George Orwell: into the lower depths

How the author of Animal Farm and Nineteen Eighty-Four has been "memeified"


7th January 2026 / The Sunday Times

Orwell: Life and Legacy 

It can be forgotten just how unsuccessful George Orwell was for much of his writing career. In this excellent new short introduction to his life and work, Robert Colls, a retired professor of cultural history, calls Orwell the world’s most cited popular author: “No one has been more quoted or misquoted. … Invoking Orwell today is a lazy way of getting a hearing and you don’t have to read him to invoke him.”

In this age of AI, surveillance capitalism and fake news propagated on social media, no one ever tires of “invoking” Orwell. “Orwellian” is an adjective we all understand. Yet for much of his life, after he returned from Burma, where he worked for five years in the Indian Imperial Police serving the British empire, Orwell was scrambling for commissions as a freelance writer. He had no job security and no family trust fund to ease his way as he travelled, in his early years as a full-time writer, through what Maxim Gorky called, in a different context, the lower depths of society.

He was born Eric Blair in Bengal, the son of an imperial civil servant, and although he grew up in Henley-on-Thames and was educated at Eton, Orwell did not go to university. His early realist novels, such as A Clergyman’s Daughter and Coming Up for Air (a favourite of mine), were little read and scarcely known during his lifetime. His great eyewitness account of the Spanish civil war, Homage to Catalonia (1938) – written after he volunteered to fight with the anarchist POUM militia and was shot in the throat for his troubles on the Aragon front - sold fewer than 1,000 copies.

One afternoon when I was editor of the New Statesman, a magazine with which Orwell had a troubled relationship, I was rummaging in the archive and came across a back issue featuring a book review by him. Scribbled in the margins, presumably by an editor, was a handwritten note: “He is keen. Will write more.”

Orwell was always willing to write more but never in the service of a party, movement or ideology. His politics were as unpredictable as they were misunderstood. Was he on the left or anti-totalitarian right? Does it even matter? For Colls, Orwell’s “first principle was always to write what he saw”.

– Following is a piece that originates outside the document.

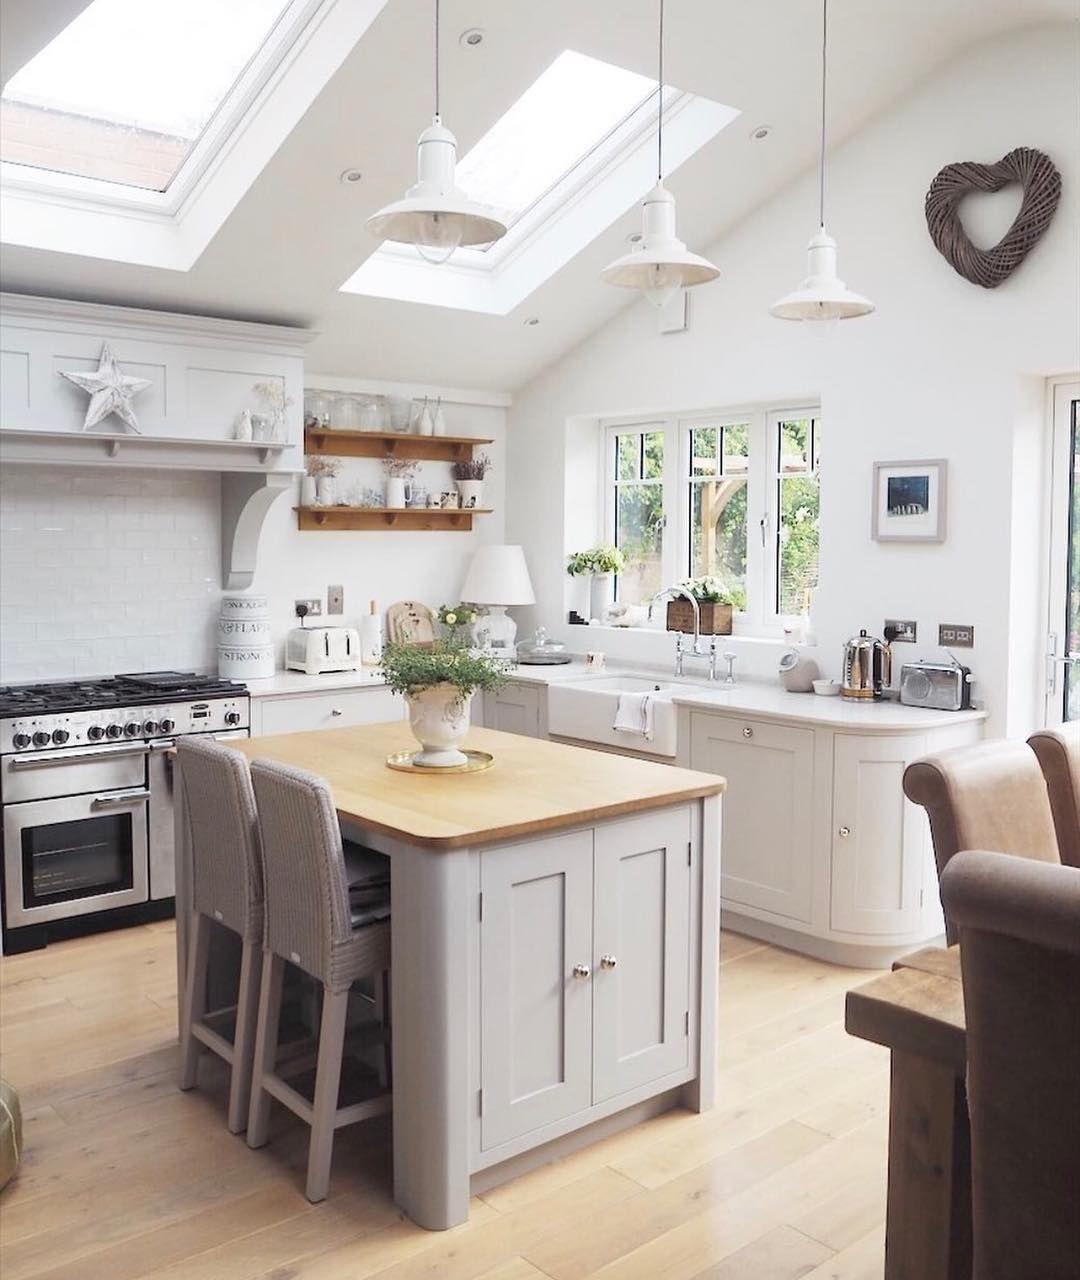 12 Inspiring Kitchen Island Ideas: Design Ideas Modern And Traditional Small Kitchen Island

Orwell was conflicted about being born into what he called the “lower- upper-middle class”, the class of the empire and the great public schools. In 1936, he was commissioned by the left-wing publisher Victor Gollancz to write a book about the effects of mass unemployment on the mining communities of Lancashire and Yorkshire. The experience of writing The Road to Wigan Pier changed him profoundly. Deep underground among the miners of Wigan, Orwell discovered for the first time an England he could believe in and respect.

At different times, he referred to himself as a “Tory anarchist” and as a “democratic socialist”. His first wife, Eileen O’Shaughnessy, understood his politics better than most. In a letter to a friend as her husband was working on a long condition of England essay as the bombs fell on London during the Blitz, she observed that George was writing “a little book explaining how to be a socialist, though Tory”. That book became in my view his greatest, The Lion and the Unicorn, and Eileen captured well the essence and appeal of Orwell’s politics: he was of the left but never rigidly on the left or with the left.

The second half of The Road to Wigan Pier is a bracing polemical attack on the bourgeois London left, on what he calls “book-trained” socialists who have no feel for or understanding of the patriotism of the “submerged working class”.

Do we need another book on Orwell? If it’s written by Colls, the answer is emphatically yes. His style is accessible, free from academic jargon and he is witty. In his earlier work, English Rebel (2013), Colls explored Orwell’s ambivalent relationship with England and his own sense of Englishness. In this book, he is less concerned with how Eric Blair became Orwell and more with how he is perceived today, in an era in which, more than any other twentieth century writer, he has been “memeified”.

Colls is no hagiographer. He leans into Orwell’s flaws, both as a man and as a writer, and he cites approvingly Anna Funder’s recent book Wiefdom, in which she accuses Orwell of cruelty towards Eileen: “We live in a time of peak Orwell and it might be the only way is down.”

Towards the end of his life, as he struggled with the pulmonary tuberculosis that would kill him in January 1950 at the age of 46, Orwell must have known that, after the success of Animal Farm and Nineteen Eighty-Four, his name and work would endure. Today, everyone discovers the Orwell they want and takes from him what they need. If we have indeed reached Peak Orwell, and if a backlash has truly begun, the only sensible response is to return to first principles and read the work itself, the books, the journalism, the essays, all written in the same clear-eyed, unadorned style.

As Colls observes, Orwell was a documentarist and a truth-seeker. He was not always right, and he could be priggish, but he tried to see the world as it was. This was a self-appointed task far braver and more demanding than it might seem in retrospect, at a time when so many around him were what he called “orthodoxy sniffers”, or else were in thrall to fascism and communism.